Let's do that for a restricted Amino Acid alphabet. We can test that it conforms to the interface with the BioSequences.has_interface function.

julia> struct ReducedAAAlphabet <: Alphabet end

julia> Base.eltype(::Type{ReducedAAAlphabet}) = AminoAcid

julia> BioSequences.BitsPerSymbol(::ReducedAAAlphabet) = BioSequences.BitsPerSymbol{4}()

julia> function BioSequences.symbols(::ReducedAAAlphabet)
           (AA_L, AA_C, AA_A, AA_G, AA_S, AA_T, AA_P, AA_F,
            AA_W, AA_E, AA_D, AA_N, AA_Q, AA_K, AA_H, AA_M)
       end

julia> const (ENC_LUT, DEC_LUT) = let
           enc_lut = fill(0xff, length(alphabet(AminoAcid)))
           dec_lut = fill(AA_A, length(symbols(ReducedAAAlphabet())))
           for (i, aa) in enumerate(symbols(ReducedAAAlphabet()))
               enc_lut[reinterpret(UInt8, aa) + 0x01] = i - 1
               dec_lut[i] = aa
           end
           (Tuple(enc_lut), Tuple(dec_lut))
       end
((0x02, 0xff, 0x0b, 0x0a, 0x01, 0x0c, 0x09, 0x03, 0x0e, 0xff, 0x00, 0x0d, 0x0f, 0x07, 0x06, 0x04, 0x05, 0x08, 0xff, 0xff, 0xff, 0xff, 0xff, 0xff, 0xff, 0xff, 0xff, 0xff), (AA_L, AA_C, AA_A, AA_G, AA_S, AA_T, AA_P, AA_F, AA_W, AA_E, AA_D, AA_N, AA_Q, AA_K, AA_H, AA_M))
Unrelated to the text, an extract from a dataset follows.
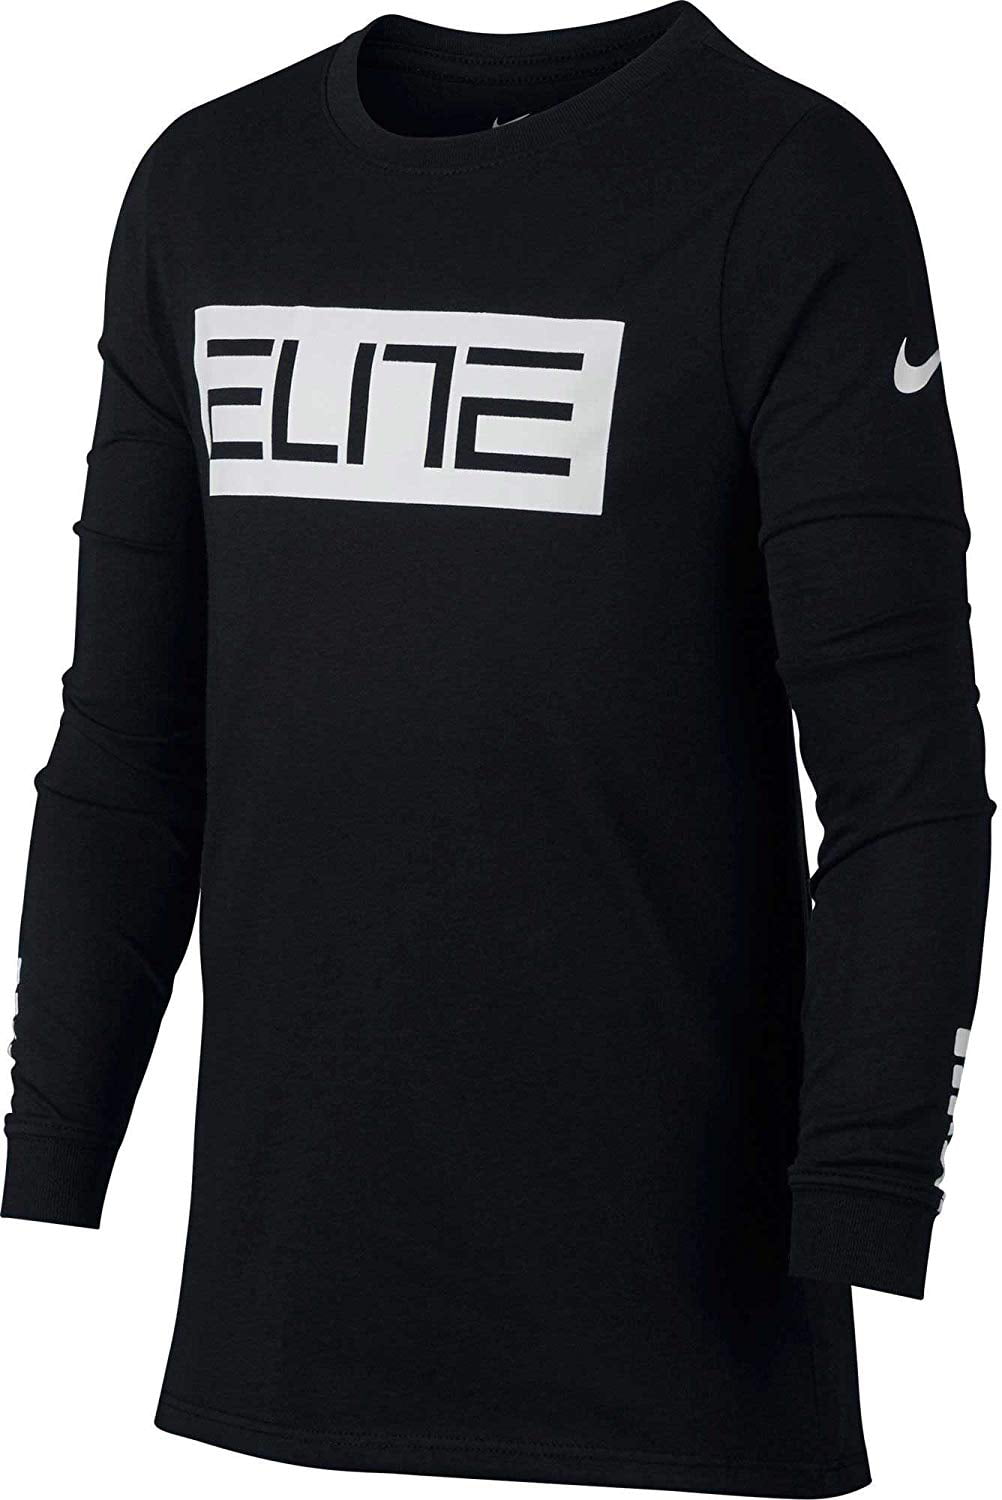 Nike Big Boys' (8-20) Dri-Fit Long Sleeve Elite T-Shirt - Walmart.com ...

julia> function BioSequences.encode(::ReducedAAAlphabet, aa::AminoAcid)
           i = reinterpret(UInt8, aa) + 0x01
           (i ≥ length(ENC_LUT) || @inbounds ENC_LUT[i] === 0xff) && throw(DomainError(aa))
           (@inbounds ENC_LUT[i]) % UInt
       end

julia> function BioSequences.decode(::ReducedAAAlphabet, x::UInt)
           x ≥ length(DEC_LUT) && throw(DomainError(aa))
           @inbounds DEC_LUT[x + UInt(1)]
       end

julia> BioSequences.has_interface(Alphabet, ReducedAAAlphabet())
true

Implementing custom BioSequences

Recall the required methods that define the BioSequence interface.

To create an example custom alphabet, we need to create a singleton type, that implements a few methods in order to conform to the interface as described in the BioSequence documentation.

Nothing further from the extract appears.